Task goal: Copy out the data exactly as it appears, without a single image.

[[ Data shown open ]]

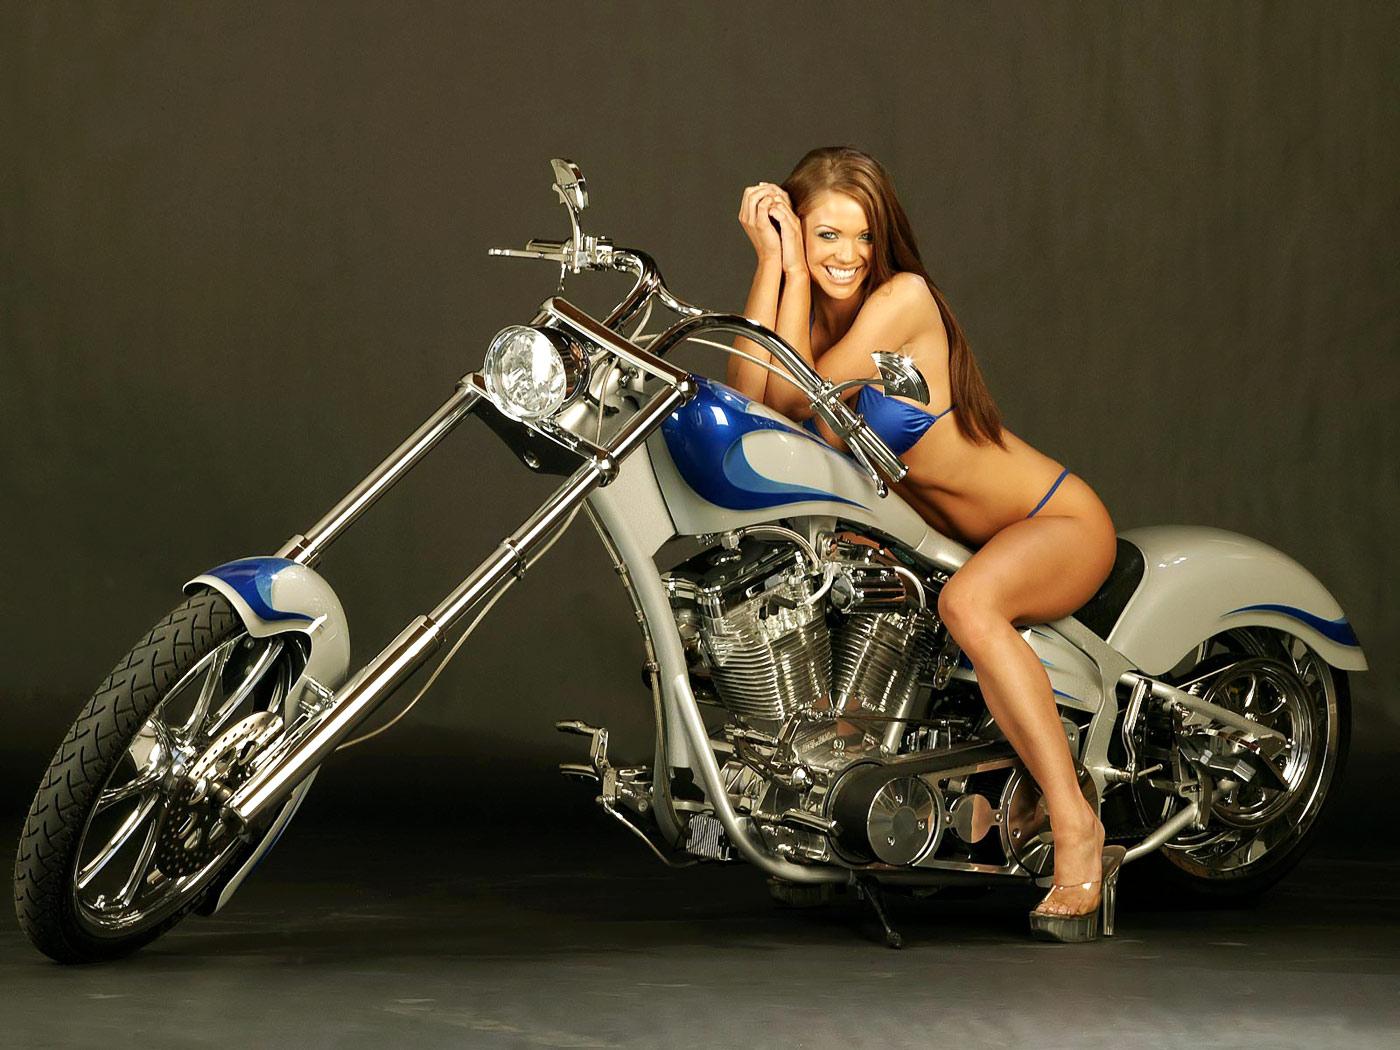 Girls On Harley-Davidson Motorcycles 1400 x 1050 · 261 kB · jpeg
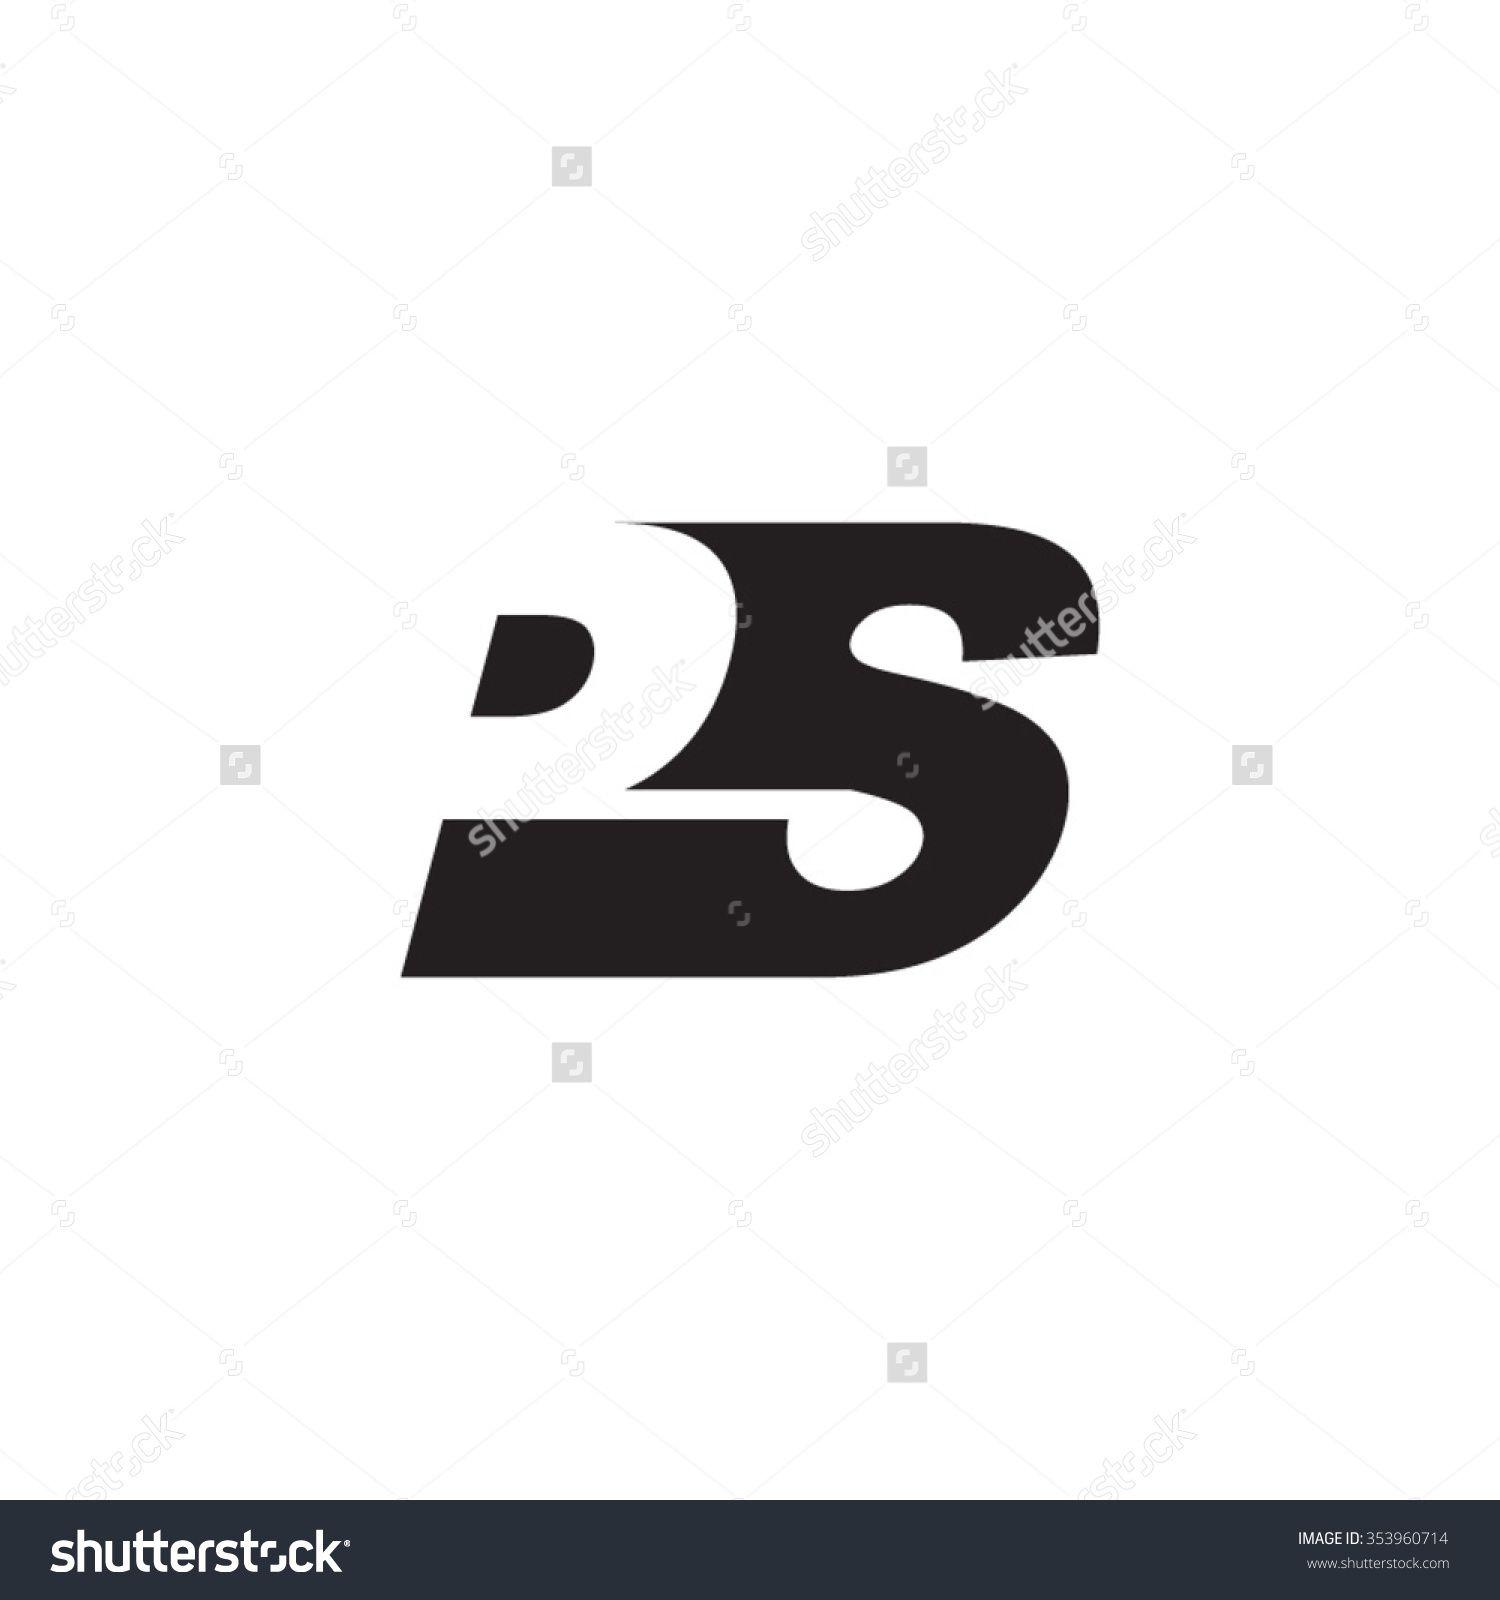 Imageutterstock z stock vector ps negative space letter imageutterstock z stock vector ps negative space buycottarizona
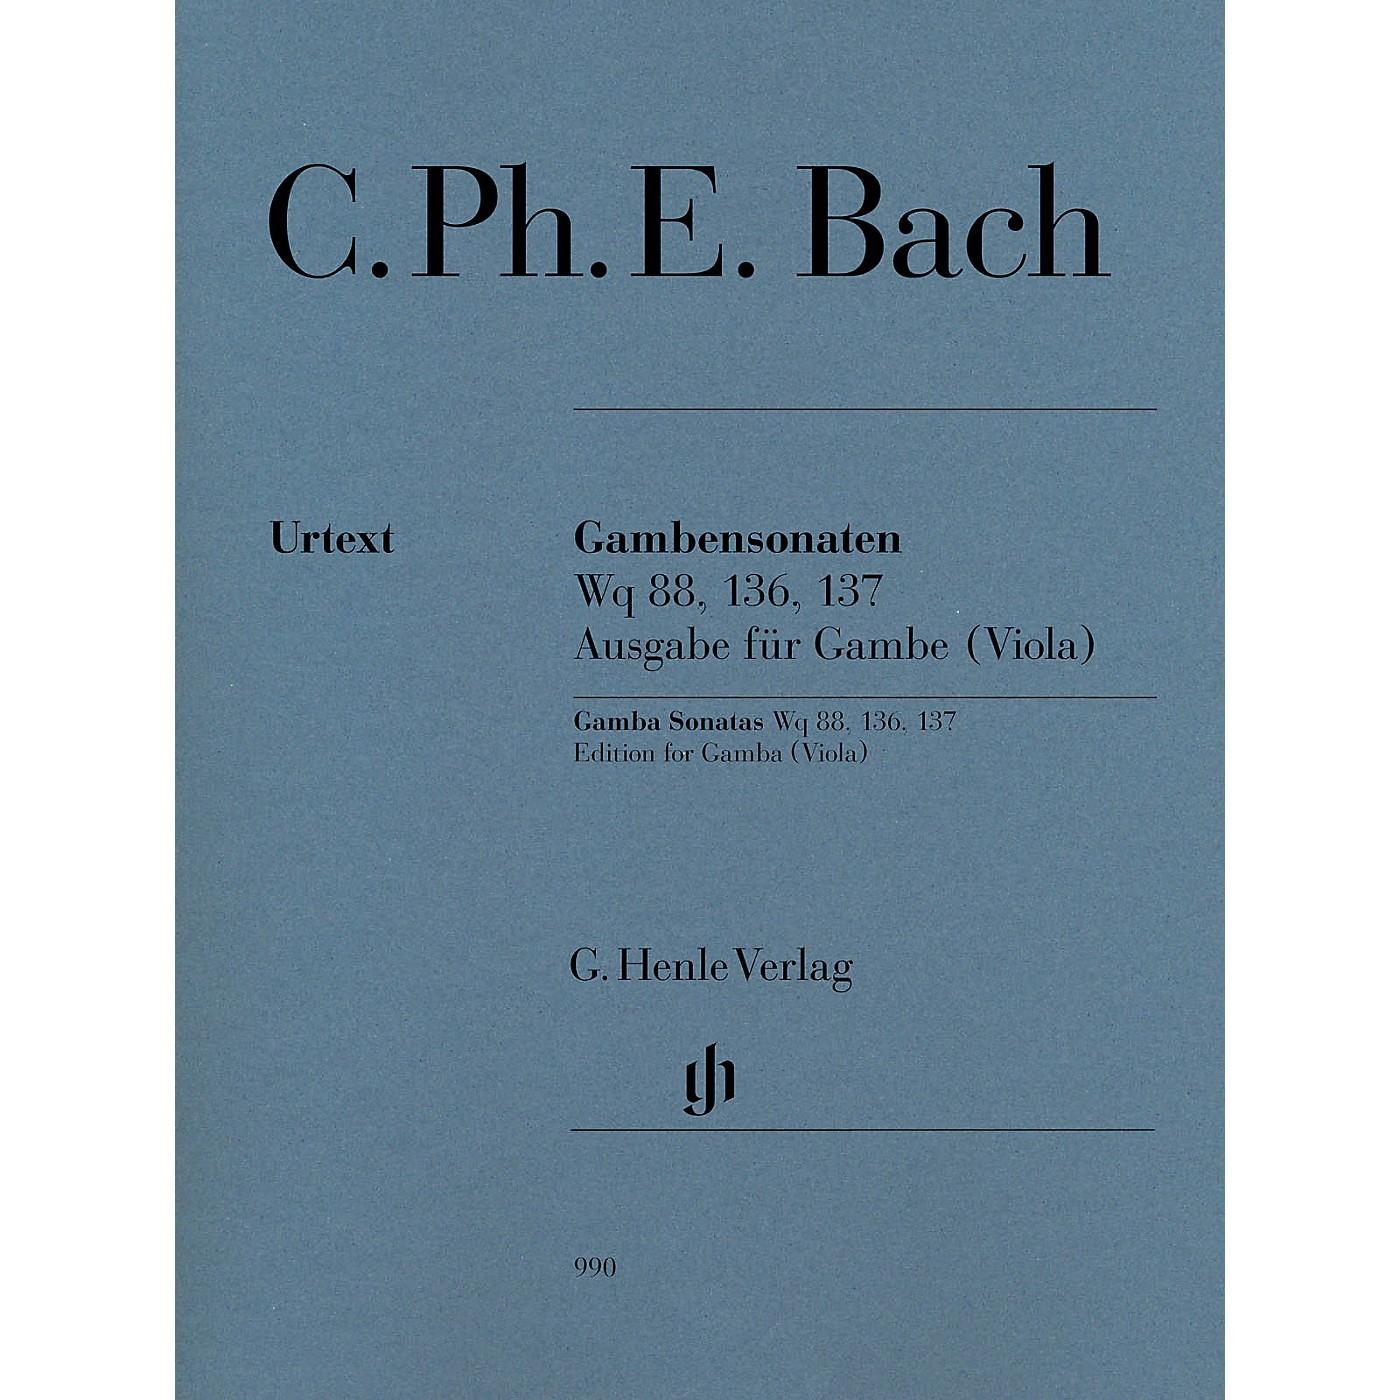 G. Henle Verlag Gamba Sonatas, Wq 88, 136, 137 by Carl Philipp Emanuel Bach Edited by Ernst-Gunter Heinemann thumbnail

[[ Data shown closed ]]

Answer box:
 Girls On Harley-Davidson Motorcycles 1400 x 1050 · 261 kB · jpeg
 Imageutterstock z stock vector ps negative space letter imageutterstock z stock vector ps negative space buycottarizona
 G. Henle Verlag Gamba Sonatas, Wq 88, 136, 137 by Carl Philipp Emanuel Bach Edited by Ernst-Gunter Heinemann thumbnail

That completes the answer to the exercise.